On the other hand, when the distance between the first thermoelectric transducer 10 and the second thermoelectric transducer 20 was apart at 2 m, as shown in FIG. 4, it is revealed that the heat of the heat generating module of the second thermoelectric transducer 20 was not heat transferred to the heat absorbing module side of the first thermoelectric transducer 10 and the first thermoelectric transducer 10 side did not thermally, mutually interfere with the second thermoelectric transducer 20 side. More specifically, it is revealed that it depended on external thermal energy drops.

Then, data was obtained for three times each in the case where the heat absorbing module of the first thermoelectric transducer 10 was artificially heat controlled by the external heat source to keep a temperature of 10° C. (when heat controlled) and the case where artificial heat control was not done (before heated) in the state that the temperature Tα of the heat absorbing module of the first thermoelectric transducer 10 came to equilibrium with the temperature Tβ of the heat generating module of the second thermoelectric transducer 20 in the circuit shown in FIG. 2. The temperature change (° C.) and temperature variation (ΔTβ(° C.)) of the heat generating module of the second thermoelectric transducer 20 were measured with respect to the change in current of the external direct-current power supply, and the results were shown in FIGS. 5 and 6.

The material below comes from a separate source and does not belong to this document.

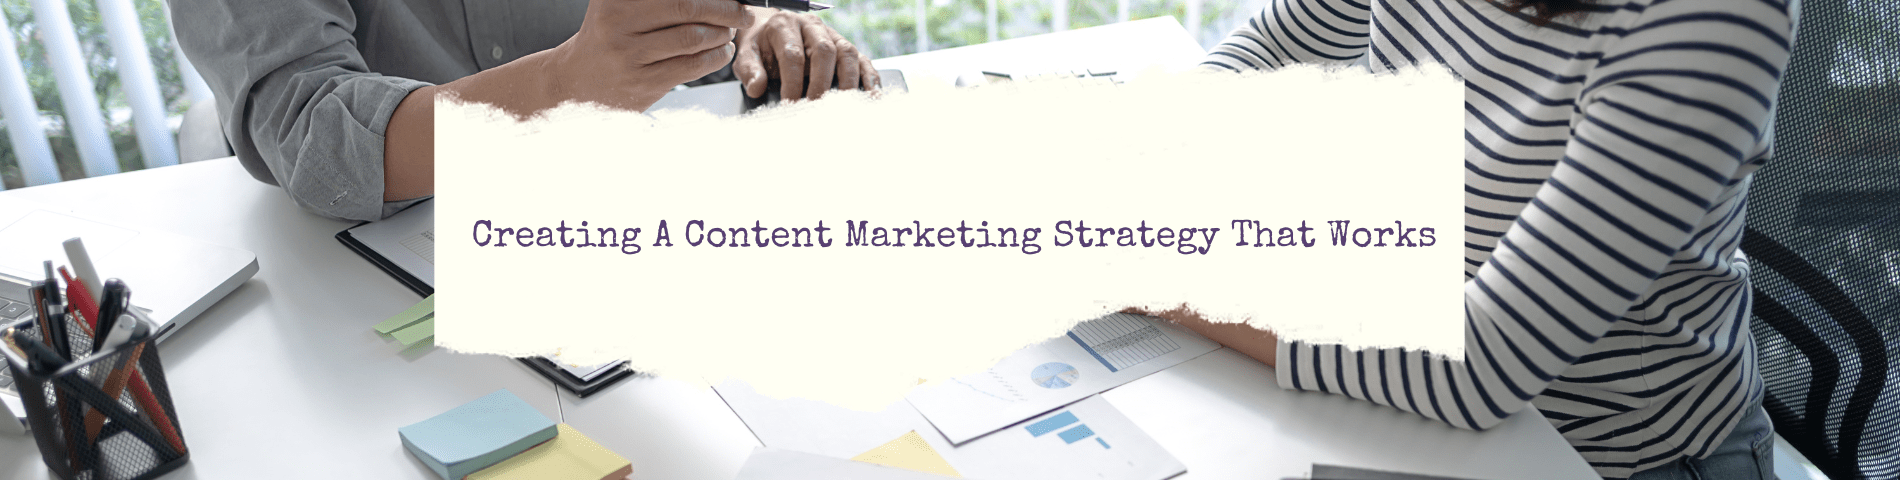 Creating a Content Marketing Strategy | Linguakey Blog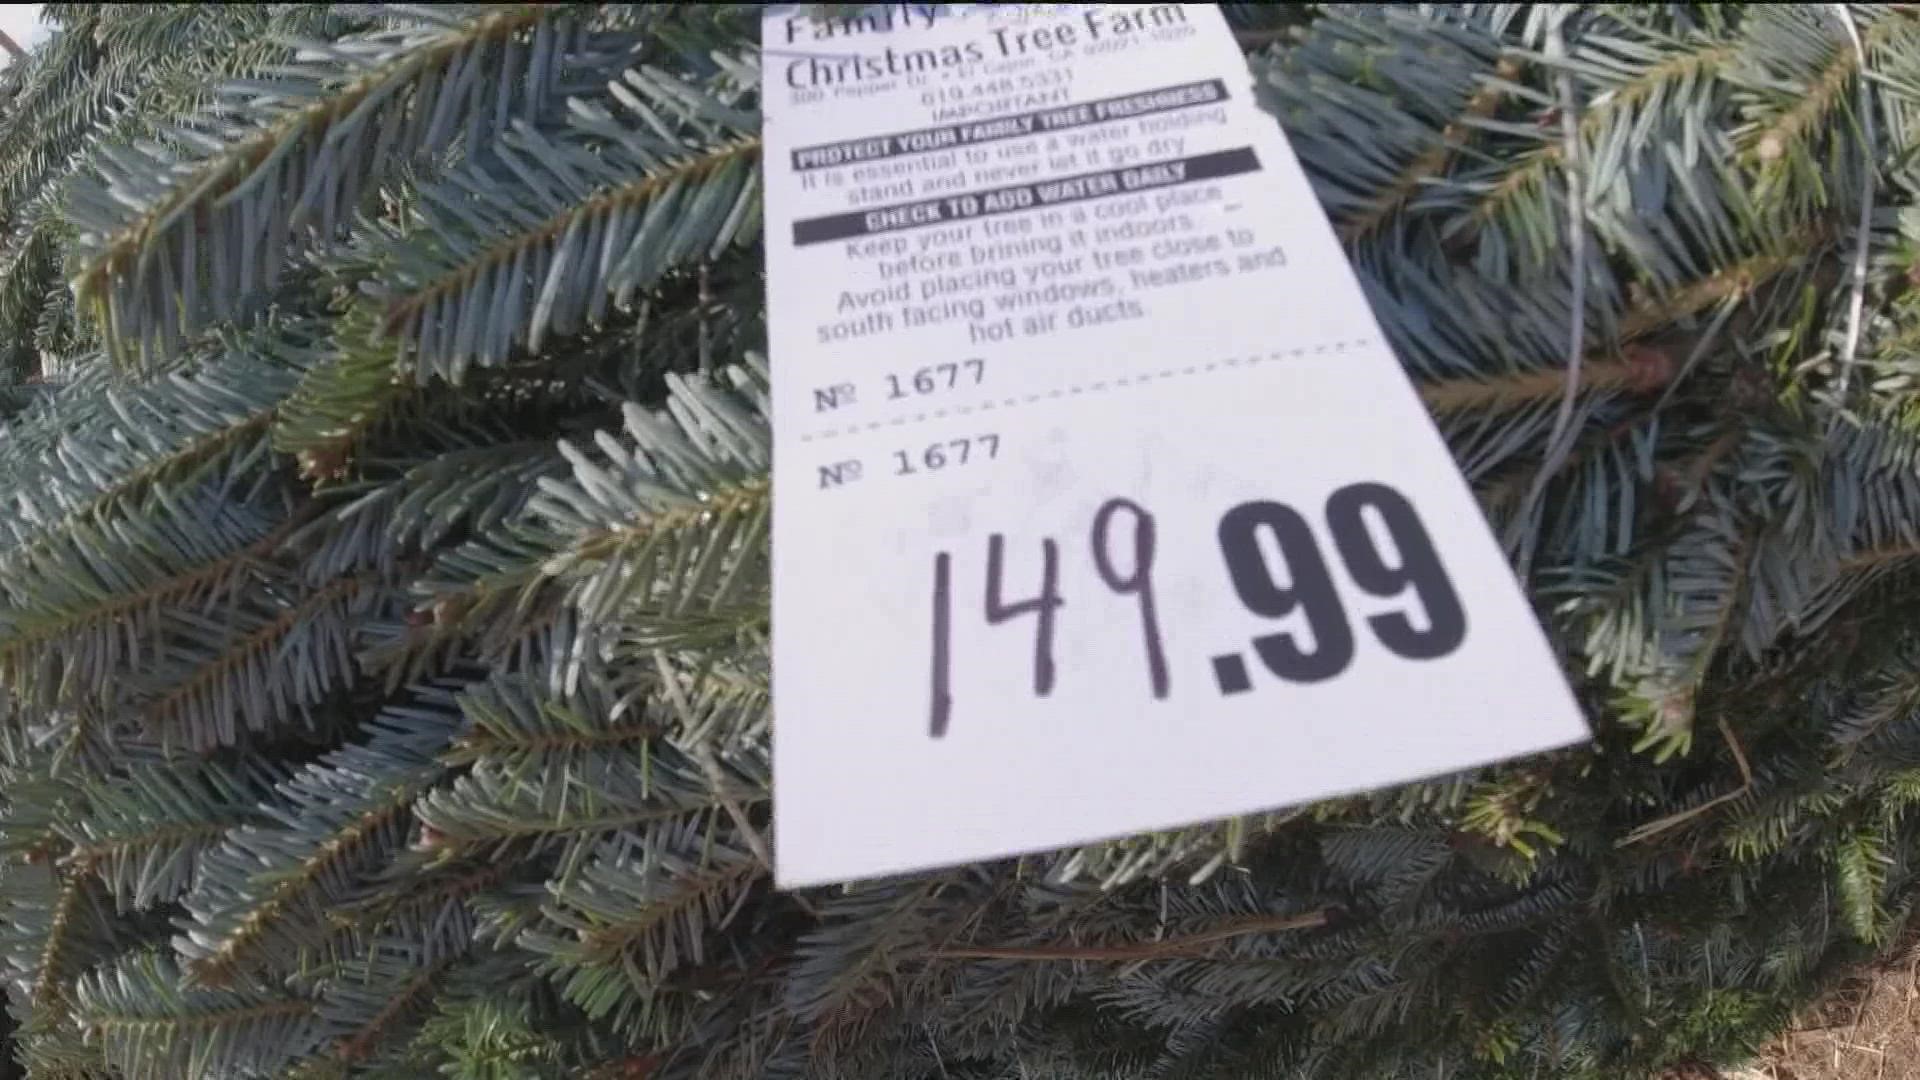 Consumers can expect to pay about $20 more for a real tree.

In addition, in FIG. 5, symbols ‘a solid diamond’, ‘a solid square’ and ‘a solid rectangle’ denote measurement values for the first, second and third times, respectively, when heat controlled; symbols ‘an asterisk’, ‘a follow circle’ and ‘plus’ denote the measurement values for the first, second and third times, respectively, before heated; and symbols ‘a solid circle’ and ‘minus’ denote a mean value of the measurement values before heated and when heat controlled, respectively. Furthermore, in FIG. 6, symbols ‘an asterisk’, ‘a solid circle’ and ‘a solid square’ denote the temperature difference between the cases when heat controlled and before heated for the first, second and third times, respectively, in FIG. 5; and a symbol ‘a solid rectangle’ denotes a mean value of the temperature differences in the cases when heat controlled and before heated.

The results shown in FIG. 5 reveal that the difference was made in the temperature on the heat generation side before heated and when heat controlled as the current of the external current power source was increased and the temperature difference was also increased. More specifically, it was revealed that thermal energy transfer was done in accordance with the thermal energy input from the first thermoelectric transducer 10 side. Moreover, as shown in FIG. 6, it was also revealed that the temperature variation ΔTβ was increased as the current of the external current power source was increased, and the amount of thermal energy transfer was also increased.

Therefore, it could be confirmed that the Peltier effect circuit shown in FIG. 2 has external thermal energy input dependency and current dependency for thermal energy transfer and the transfer amount is increased as the current is increased. More specifically, it can be said that the principle was demonstrated that thermal energy is transferred from the heat absorbing module side to the heat generating module side of the circuit (so-called heat pumping using the free electrons in the conductors) and thermal energy transfer is possible by the free electrons in the conductors. Furthermore, it could be confirmed that the amount of thermal energy transfer depends on current and the transfer amount is increased as the current is increased.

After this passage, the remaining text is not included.